Palestinian politician (1880-1946)

Omar al-Bitar (Arabic: عمر البيطار; also Romanized as Omar el-Bitar) (1880–1946) was a Palestinian politician who served as the mayor of Jaffa during the British colonial period.

He was described as "a quintessential symbol of Jaffa in his time."

== Biography ==
Omar al-Bitar was the son of a wealthy family in Jaffa. His family rose to prominence and influence in the 19th century. At the end of the second decade of the 20th century, the Bitar family from Jaffa stood out on the lists of large landowners in Palestine.

In 1908, Al-Bitar was appointed as the head of the municipal council by the Qayyim, with whom he maintained close ties. In 1915, al-Bitar was dismissed by the Qayyim Arif Bek, and exiled to Damascus along with 45 notables from Jaffa.
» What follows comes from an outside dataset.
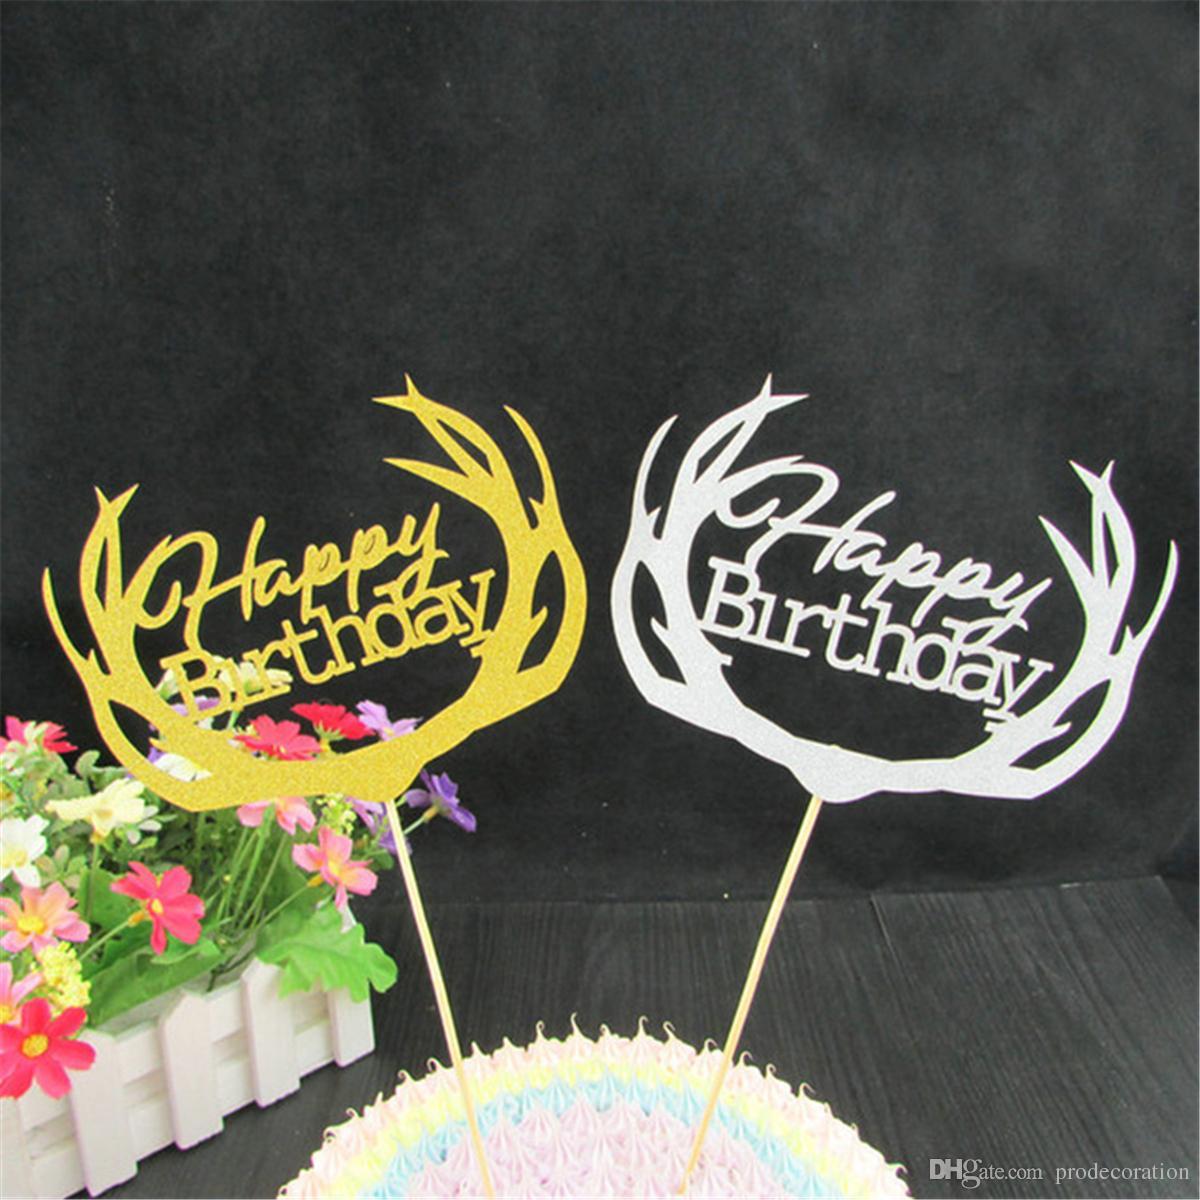 Swell 2020 Glitter Deer Happy Birthday Cake Topper Cupcake Decoration Birthday Cards Printable Inklcafe Filternl
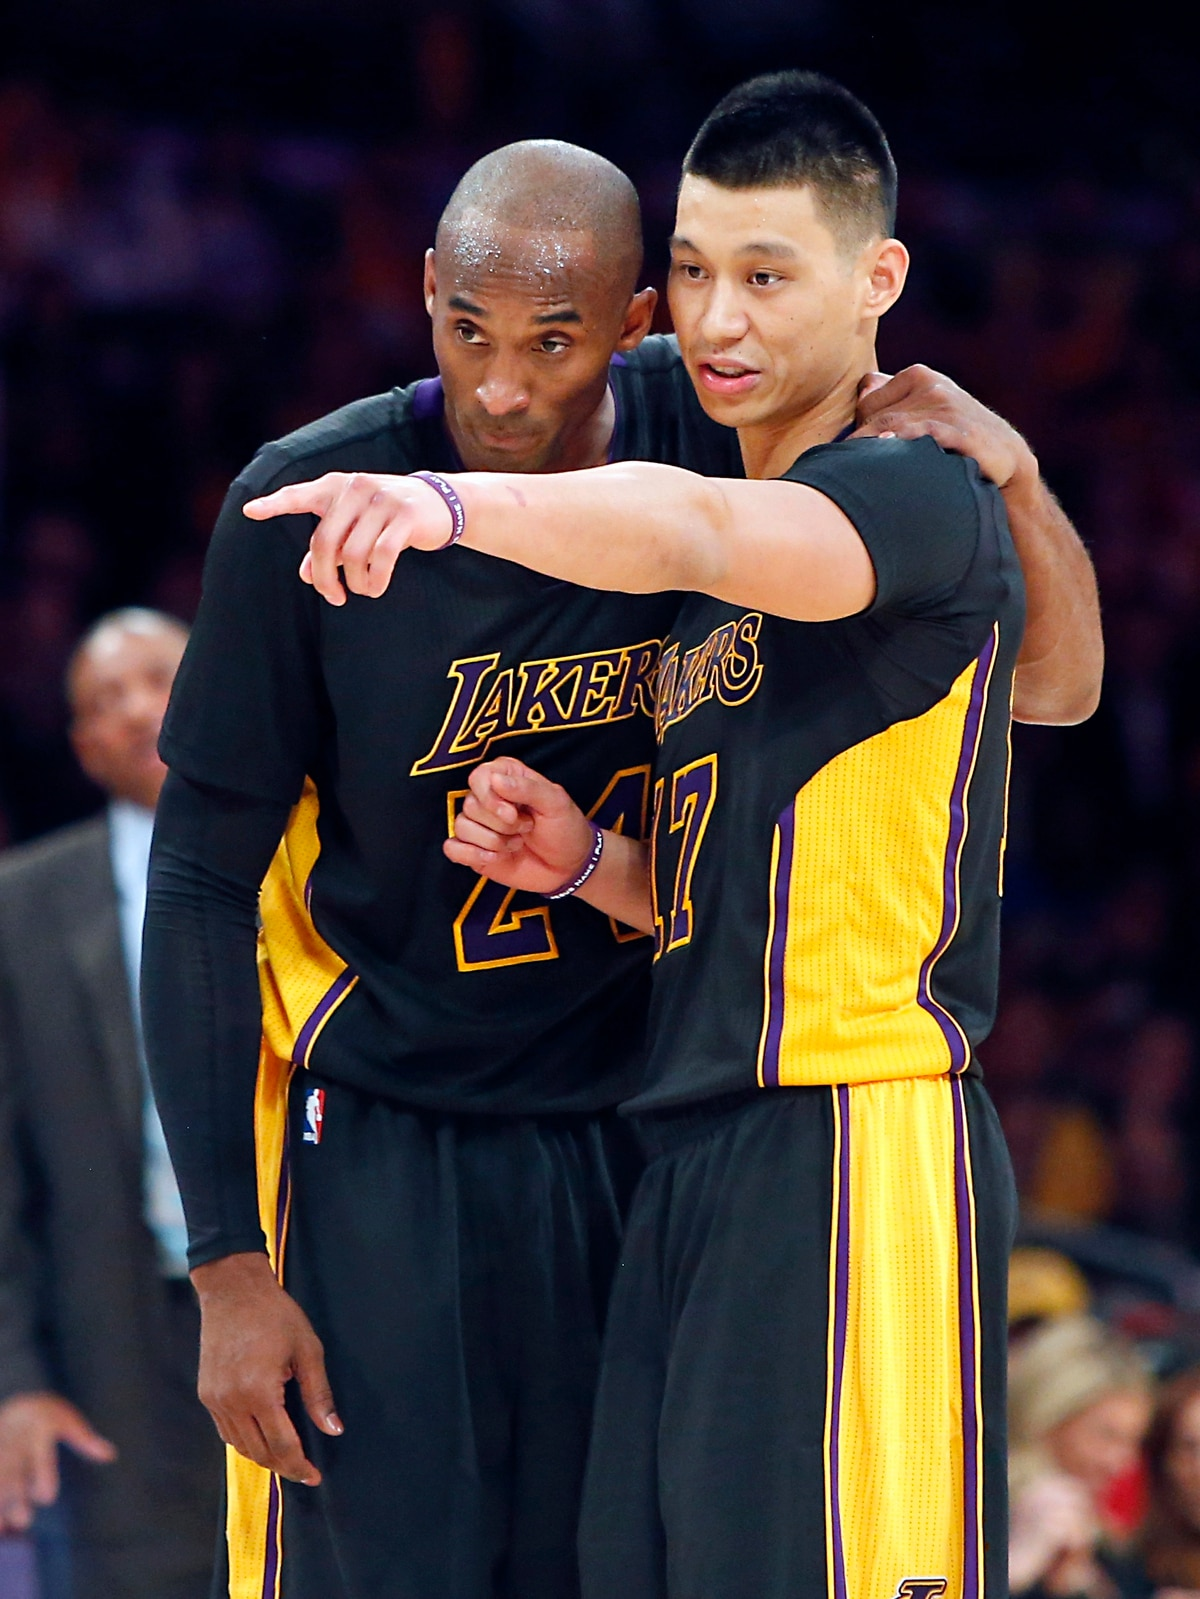 Image result for An NBA Basketball Player

With the beginning of the British rule, he was suspected of pro-Ottoman activity and was deported to Egypt. He was allowed to return in early 1919. In September 1919, he was elected president of the "Muslim-Christian Association in Jaffa", one of the first political organizations in the Arab national awakening in the country. Similar associations were established shortly thereafter in other cities, and their leaders gathered in December 1919 in Haifa and founded the Arab Executive Committee. Al-Bitar served as president of the association in Jaffa until the end of 1929, when he was ousted by the extremist wing. He was a member of the executive committee elected at the fourth to seventh conferences of the Arab-Palestinian Congress (1921–1928). At the fourth Congress, which convened in June 1921 in Haifa, he was elected Deputy Chairman of the Executive Committee, a position he held until the seventh Congress in 1928.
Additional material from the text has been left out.